A more fundamental concern is whether the environment in which the H-2A program operates will allow protection of U.S. agricultural workers' jobs. In recent years, an increasing proportion of agricultural workers are in the U.S. illegally. A 1995 DOL study conservatively estimated that 37 percent of the agricultural workforce, or 600,000 workers, were illegal immigrants. In
contrast, ETA certified only about 18,000 H-2A crop workers during FY 1996. Consequently, it is from a large population of unauthorized immigrants that most employers recruit farmworkers.
Further complicating the recruitment process is agricultural workers' widespread use, as shown by our work and that of others, of fraudulent documents that are not detected by the Immigration and Naturalization Service's (INS') Form I-9 requirements. As a result, growers, DOL and the SESAs often cannot distinguish unauthorized foreign job applicants from U.S. workers. We found evidence suggesting that the SESAs had in some instances referred unauthorized workers, believing they were U.S. workers, to fill requested H-2A jobs. Consequently, attempts to fill agricultural jobs with U.S. workers are hobbled and DOL's ability to serve either agricultural employers' or U.S. workers' interests is called into question.
Moreover, enforcement responsibilities for the H-2A program's provisions are presently fragmented between ETA and ESA's WHD. We found little evidence of coordination between the two entities in matters related to H-2A investigations, and WHD staff we interviewed expressed frustration over the division of responsibilities.
Recognizing that changes in ETA's certification procedures would not solve the systemic problems identified in our audit, we recommended that emphasis be focused on increased enforcement of H-2A recruitment, wage and working condition requirements. We also recommended that ETA certification resources be redirected to the Employment Standard Administration's (ESA) Wage and Hour Division (WHD) along with the authority to apply sanctions against employers for violating program requirements.

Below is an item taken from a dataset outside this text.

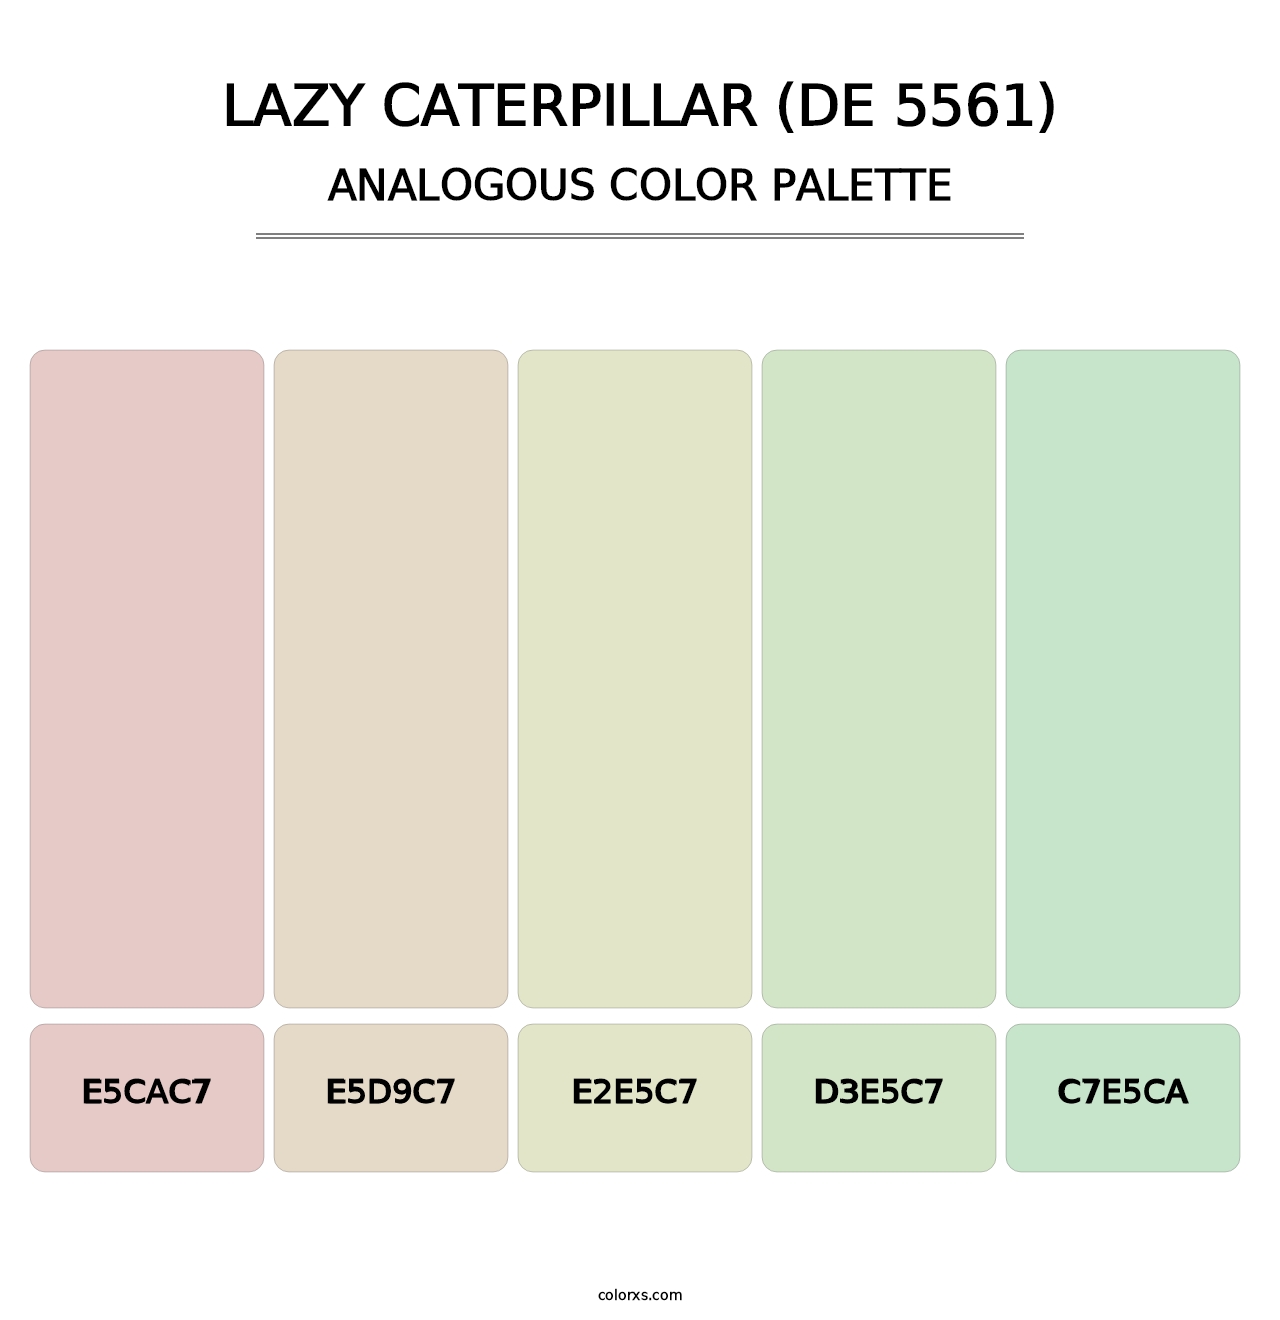 Lazy Caterpillar (DE 5561) - Analogous Color Palette

We recommended employers be required to maintain evidence of their efforts
to recruit U.S. workers and to continue cooperation with the SESAs in local,
intrastate and interstate recruitment efforts. Wage and working condition
protections for H-2A workers should also continue to be required through
employer assurances in work contract provisions. We also recommended the
Secretary and the Assistant Secretaries for Employment and Training and
Employment Standards work with the Congress and other affected agencies
to obtain necessary changes in IRCA provisions to:
ETA and ESA provided a joint response that indicates general agreement with our findings and recommendations. However, the response notes that problems have been cited by OIG and the General Accounting Office in this and past reports of both the permanent and temporary immigration programs. The agencies suggest that changes to DOL's employment-based immigration responsibilities might be better considered in tandem with a broader set of reforms for all such programs. The response also indicates the Secretary has been a strong advocate and will continue to support development of an effective employment eligibility verification system. However, it is noted that control of illegal immigration is the principal responsibility of the Attorney General and Commissioner of the INS.